Вымирание видов: Стихотворения. – М.: Элит, 2018. – 120 с. |
Новая книга Дмитрия Плахова – не хронологический набор текстов, а структурированный ряд, подчиненный замыслу, который во многом «подыгрывает» формируемому Плаховым образу поэта, который создавается в результате сложного конгломерата литературного контекста и поведения в литературной среде. Тут стоит упомянуть, что транслируемый поэтом образ Дон Жуана, придуманный им для определения своей поэтики стебный термин «поствагинизм», обсценная лексика становятся своего рода манком, приглашающим в ловушку. Манок формирует нечто вроде эффекта «московского озорного гуляки», успокаивает, снимает с поэта ауру скучной академичной серьезности.

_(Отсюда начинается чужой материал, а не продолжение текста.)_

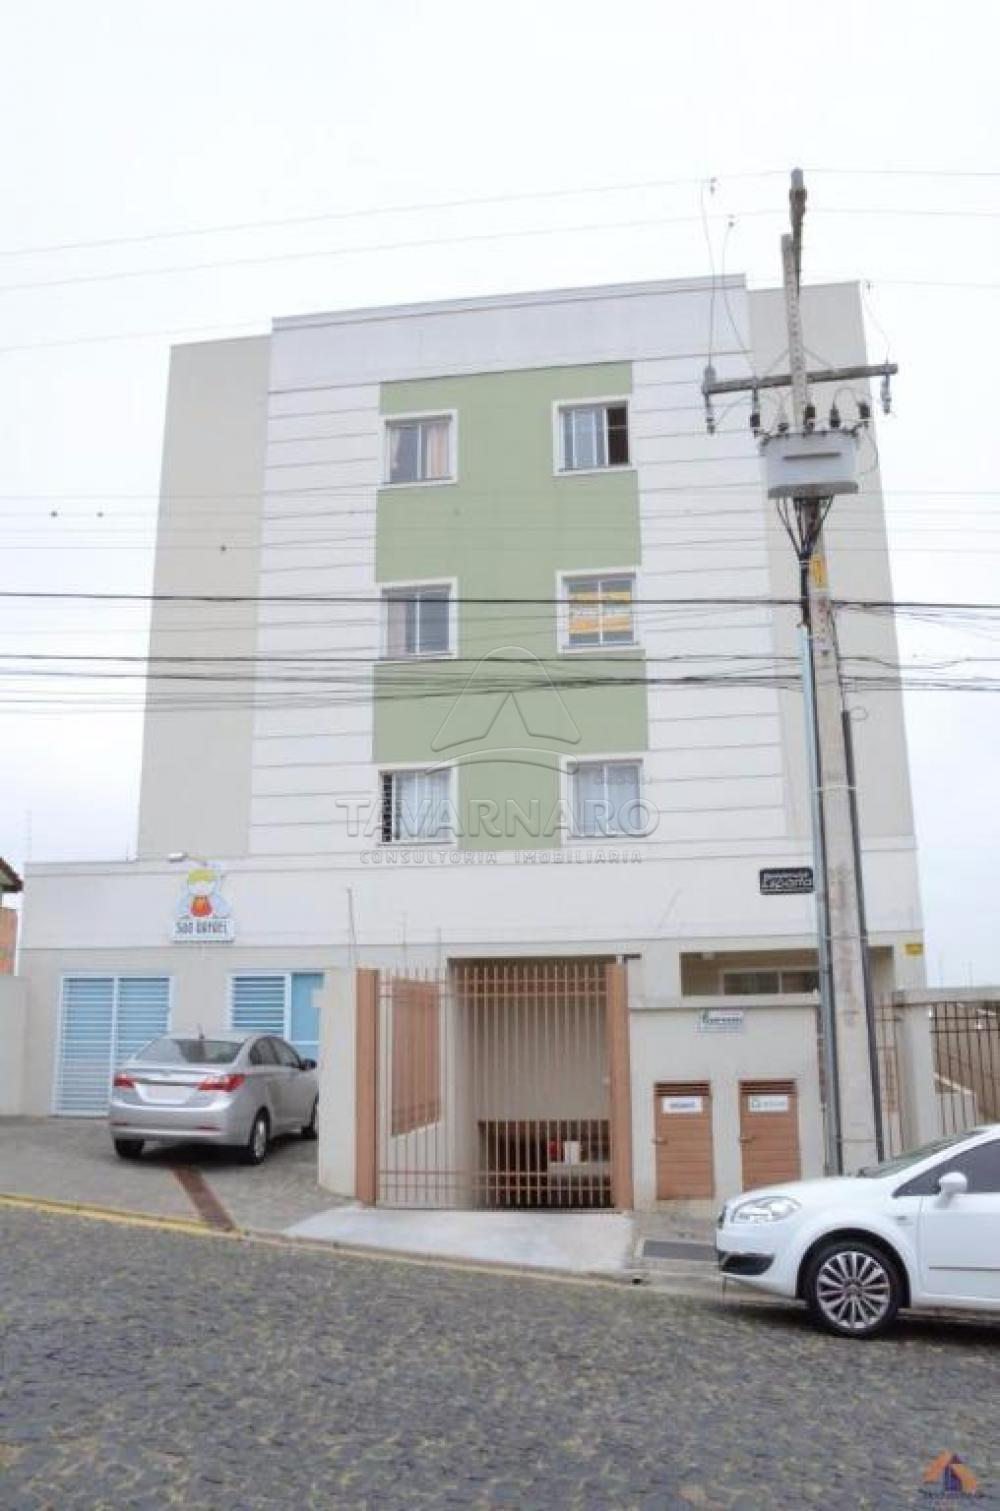 Alugar Comercial / Loja Condomínio em Ponta Grossa apenas R$ 1.600,00 - Foto 1

Важный прием – игра. Помимо масок и иносказаний вступает в силу органичный для поэзии конца XX – начала XXI века как бы стебный стиль: «Дело было не в Пенькове,/ не пойми в каком году,/ а в таинственном алькове/ возле центра Помпиду/ <…> Я отважный подпоручик/ кирасирского полка,/ обожатель женских ручек,/ прочих прелестей алкал». Однако у Плахова куртуазный стиль служит только затравкой, чтобы в финале приемами снижения, контраста вывернуть все наизнанку: «За лабазом возле стенки,/ выжрав хлебного вина,/ вылупив пустые зенки,/ беспардонно глядя на/ воздусей аквамарины,/ алкоголик и дебил…» Элемент игры – желание примерить на себя все маски: «я квестор был эрария/ потом префект претория/ моя звучала ария/ гремела оратория <…> в плену страстей обилия/ танцуй младая грация/ лобзай во мне вергилия/ проперция горация».

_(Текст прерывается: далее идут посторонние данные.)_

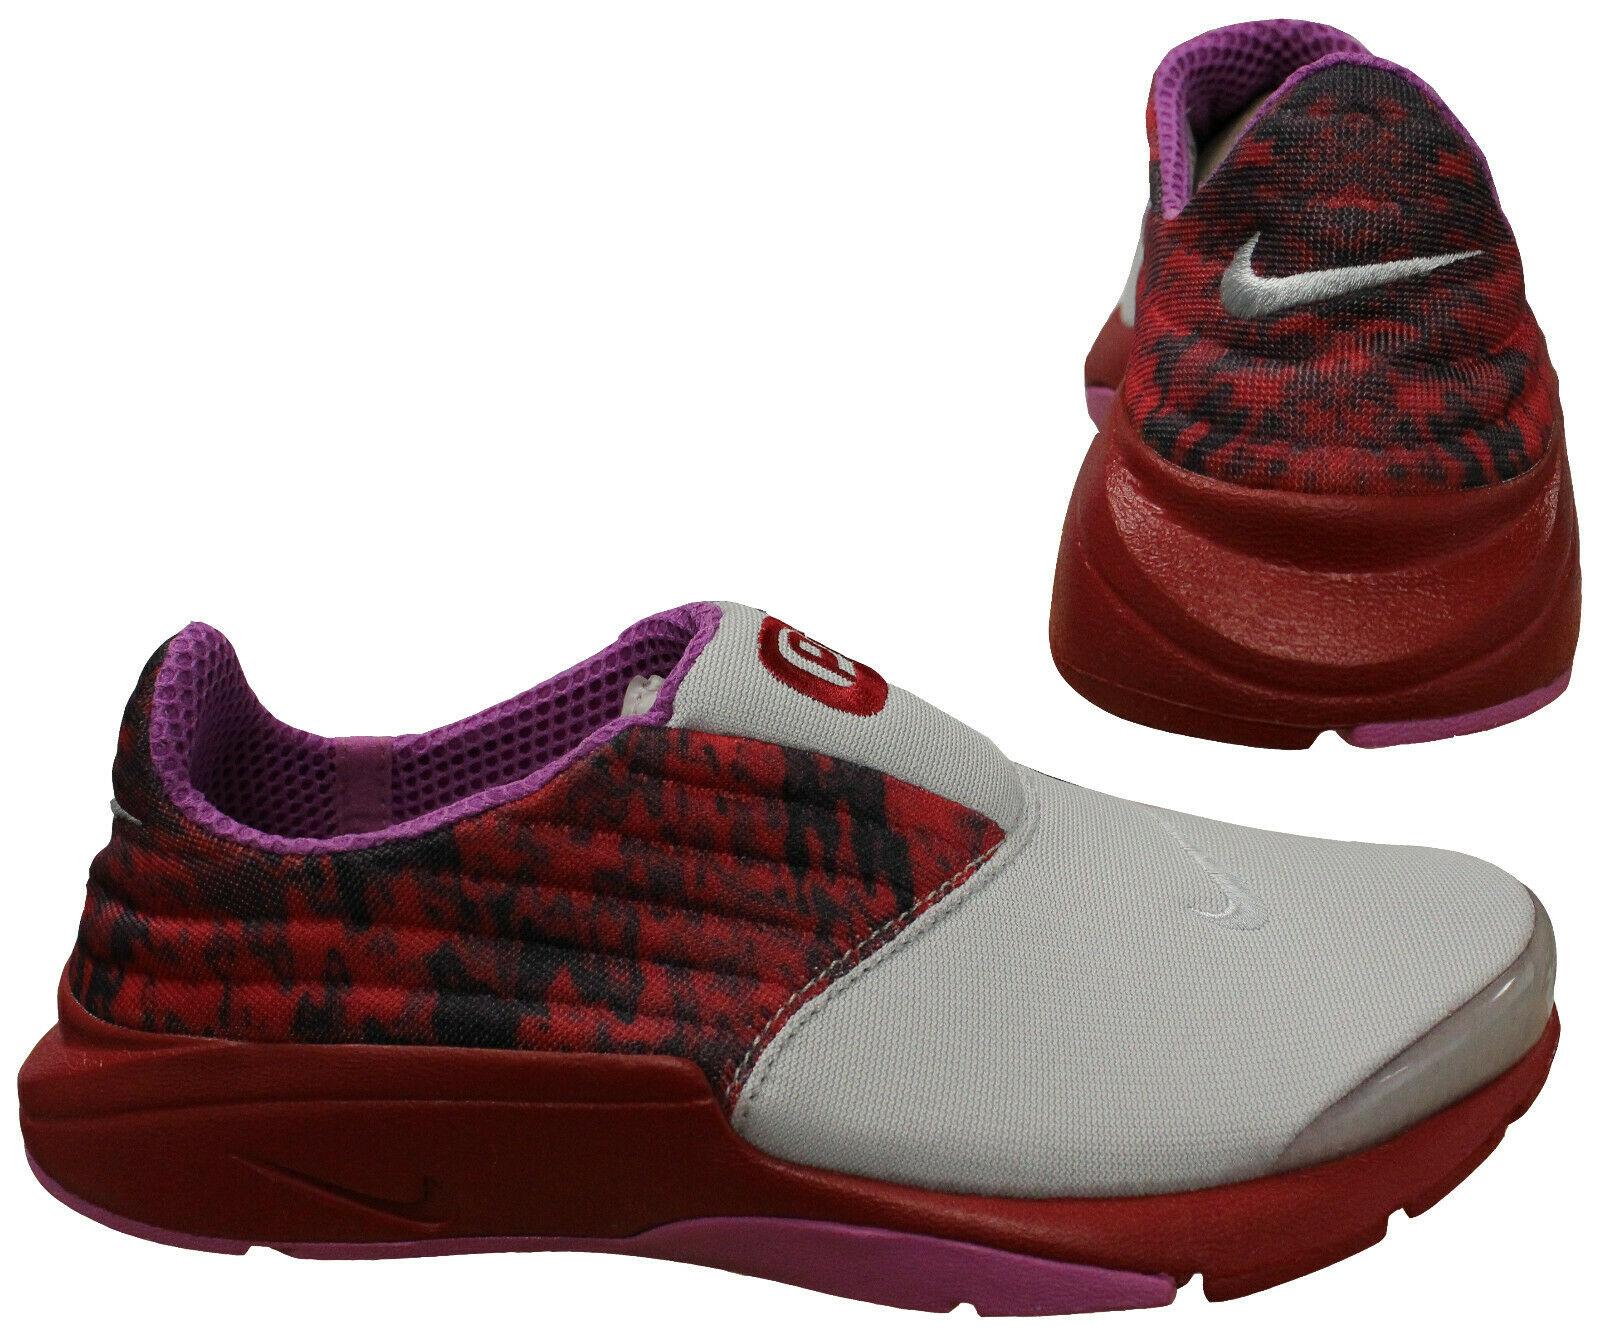 Nike Air Presto Chanjo 2001 Slip On

Излюбленная форма Плахова – динамичная фэнтези-баллада, где герой действует во вневременном пространстве либо в условиях постапокалипсиса техногенной цивилизации: «когда-то здесь фламингия летала/ цвели поля/ а нынче роща черного металла/ и бурого угля/ суставы переломанных конструкций/ слои культур/ колосья трансурановых настурций/ ребристых арматур». В ней работают античные мифы, фантастика, аллюзии, скрытые и открытые цитаты, а сеть кульминаций создается не сюжетом, а рифмами, смысловыми аллитерациями, использованием для эротических сцен то бранной лексики, то изящных эвфемизмов: «я был червленым казаком/ а после падаль/ а ты ласкала языком/ хрусталь айпада», «с юбкой твоей накоротке/ средняя школа/ так пригуби на чердаке/ флейту эола». Редко, мельком автор «отключает процессор», показывает искреннее лицо. Может быть, в стихотворении «иван-дурак», в поэме «Маршалы». Впрочем – и это тоже часть замысла.